As plotnine is built on top of Matplotlib, we can still retrieve the matplotlib figure object from plotnine for eventual customization:


In [31]:
myplot = (p9.ggplot(titanic, 
                    p9.aes(x='factor(Pclass)', y='Fare'))
     + p9.geom_point()
)

The trick is to use the draw() function in plotnine:


In [32]:
my_plt_version = myplot.draw()



In [33]:
my_plt_version.axes[0].set_title("Titanic fare price per cabin class")
ax2 = my_plt_version.add_axes([0.5, 0.5, 0.3, 0.3], label="ax2")
my_plt_version


Out[33]:
Remember: Similar to Pandas handling above, we can set up a matplotlib `Figure` with plotnine. Use `draw()` and the Matplotlib `Figure` is returned.

(OPTIONAL SECTION) Some more plotnine functionalities to remember...

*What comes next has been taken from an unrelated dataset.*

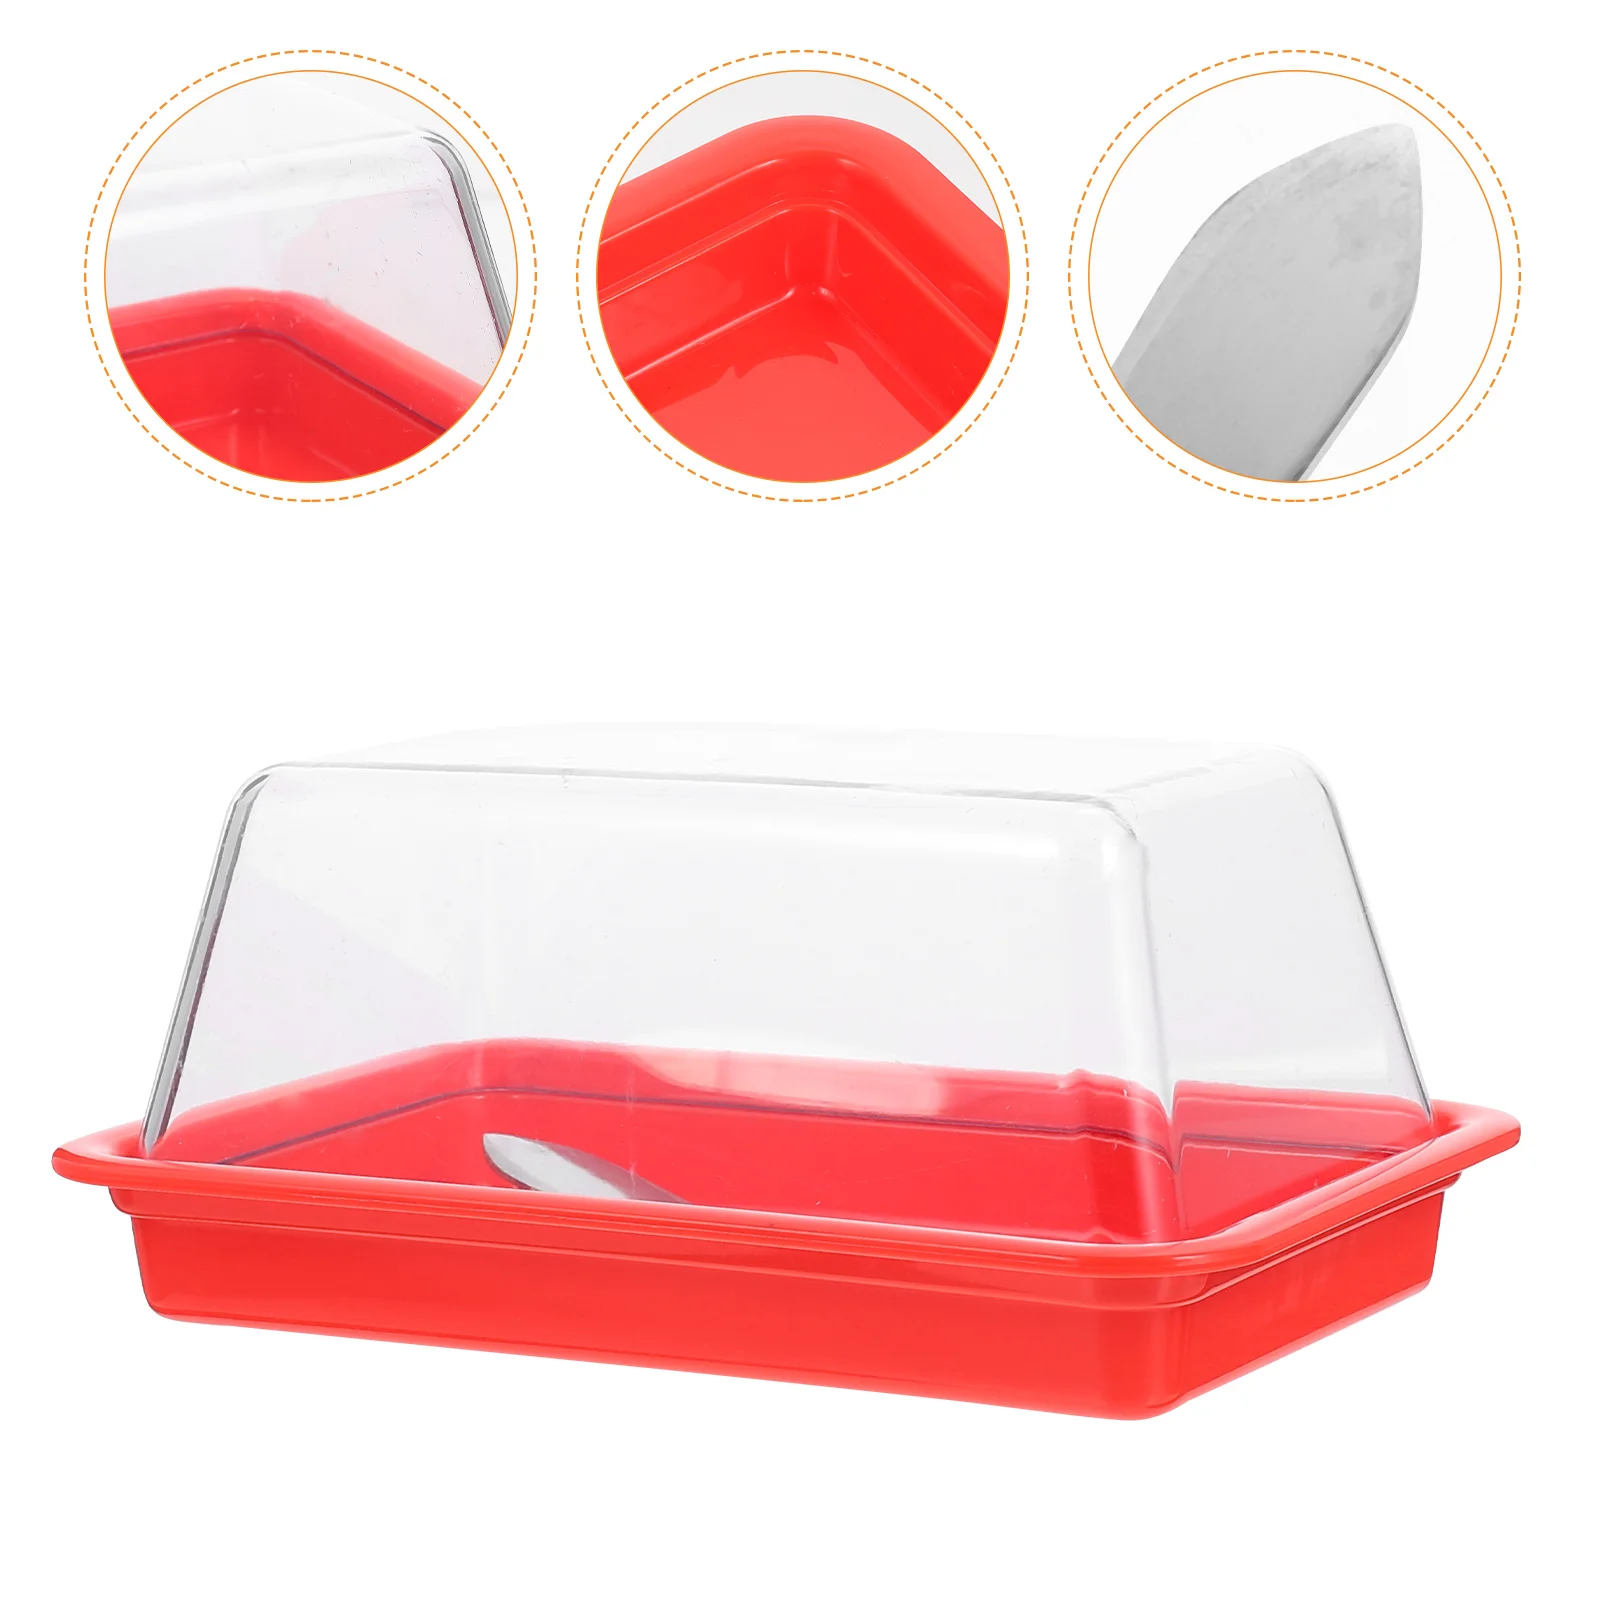 

Butter Dish Holder Cheese Dishescake Plate Container Tray Plasticbox Stick Fridge Dome Crock Server Saver Coveredcover Storage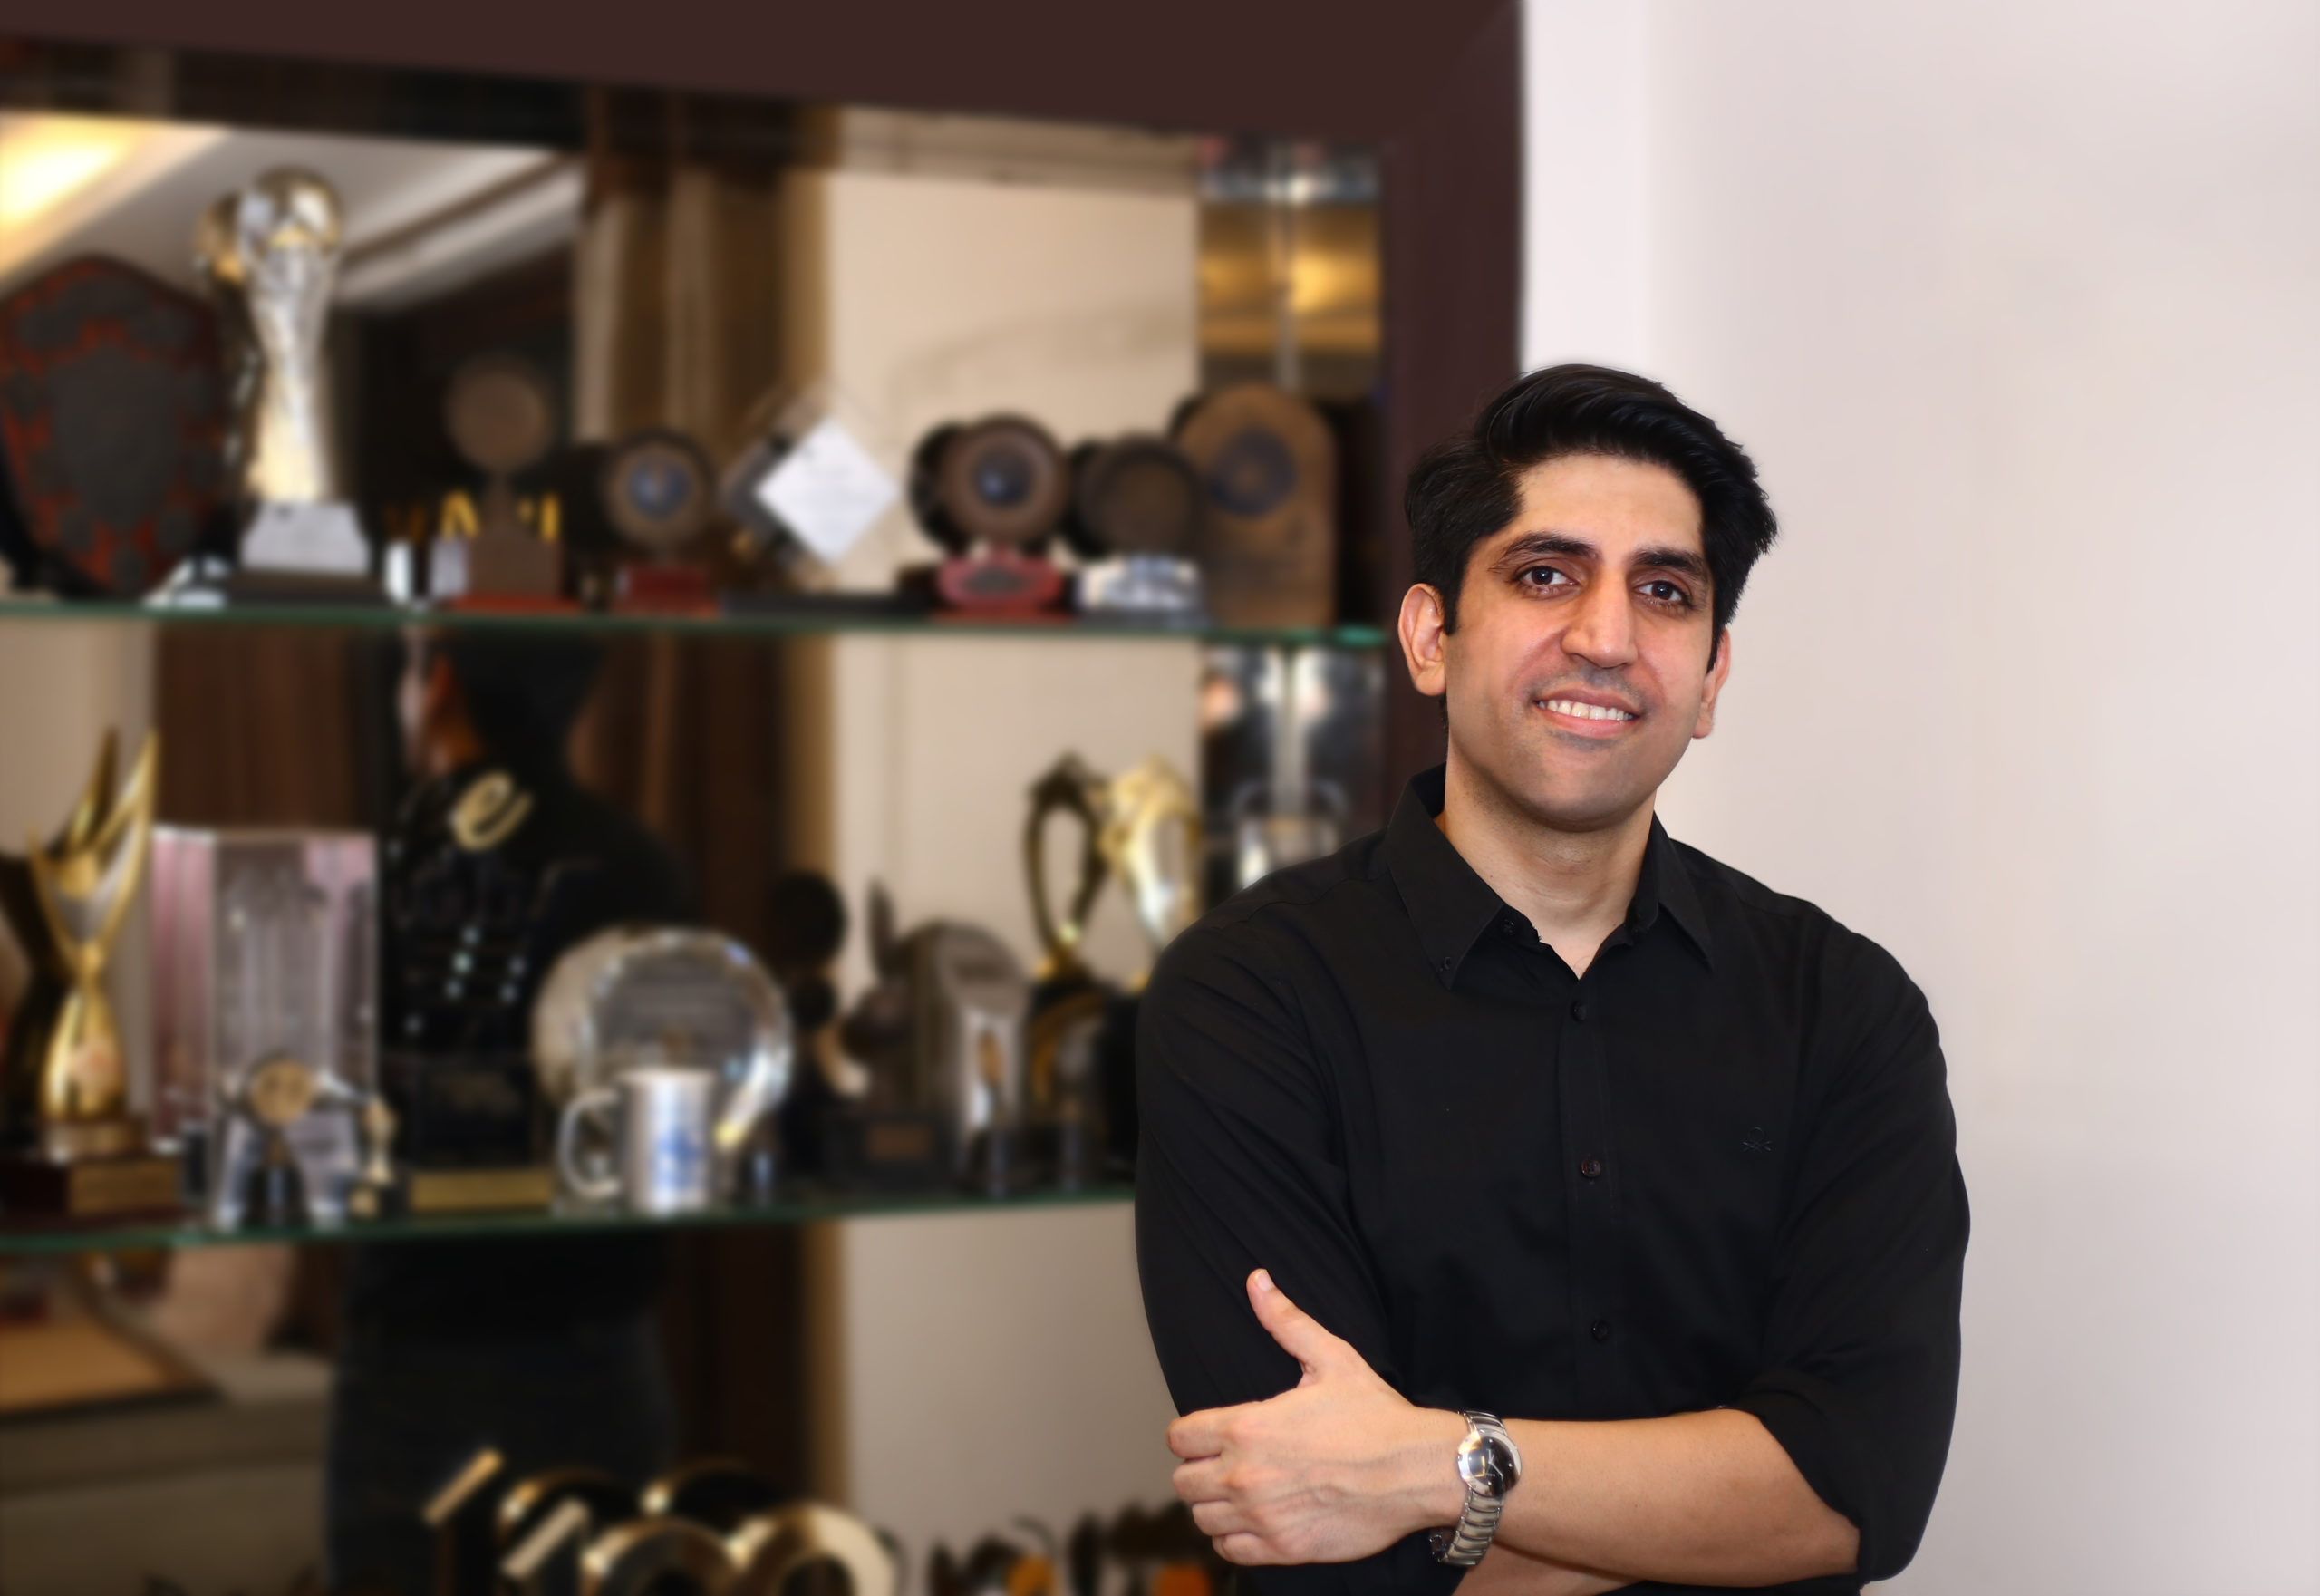 Exclusive: An Interview with Mr. Rohit Chadda, CEO of Zee Digital

Histogram: Getting the univariaite distribution of the Age


In [34]:
(p9.ggplot(titanic.dropna(subset=['Age']), p9.aes(x='Age'))
     + p9.geom_histogram(bins=30))


Out[34]:
<ggplot: (8738653893049)>
EXERCISE:
  • Make a histogram of the age, grouped by the Sex of the passengers
  • Make sure both graphs are underneath each other instead of next to each other to enhance comparison

In [35]:
(p9.ggplot(titanic.dropna(subset=['Age']), p9.aes(x='Age'))
     + p9.geom_histogram(bins=30)
     + p9.facet_wrap('Sex', nrow=2)
)


Out[35]:
<ggplot: (8738654509773)>

boxplot/violin plot: Getting the univariaite distribution of Age per Sex


In [36]:
(p9.ggplot(titanic.dropna(subset=['Age']), p9.aes(x='Sex', y='Age'))
     + p9.geom_boxplot())


Out[36]:
<ggplot: (8738654216733)>

Actually, a violinplot provides more inside to the distribution:


In [37]:
(p9.ggplot(titanic.dropna(subset=['Age']), p9.aes(x='Sex', y='Age'))
     + p9.geom_violin()
)


Out[37]:
<ggplot: (8738654108761)>
EXERCISE:
  • Make a violin plot of the Age for each `Sex`
  • Add `jitter` to the plot to see the actual data points
  • Adjust the transparency of the jitter dots to improve readability

In [38]:
(p9.ggplot(titanic.dropna(subset=['Age']), p9.aes(x='Sex', y='Age'))
     + p9.geom_violin()
     + p9.geom_jitter(alpha=0.2)
)


Out[38]:
<ggplot: (8738654127629)>

regressions

plotnine supports a number of statistical functions with the [geom_smooth function]:(http://plotnine.readthedocs.io/en/stable/generated/plotnine.stats.stat_smooth.html#plotnine.stats.stat_smooth)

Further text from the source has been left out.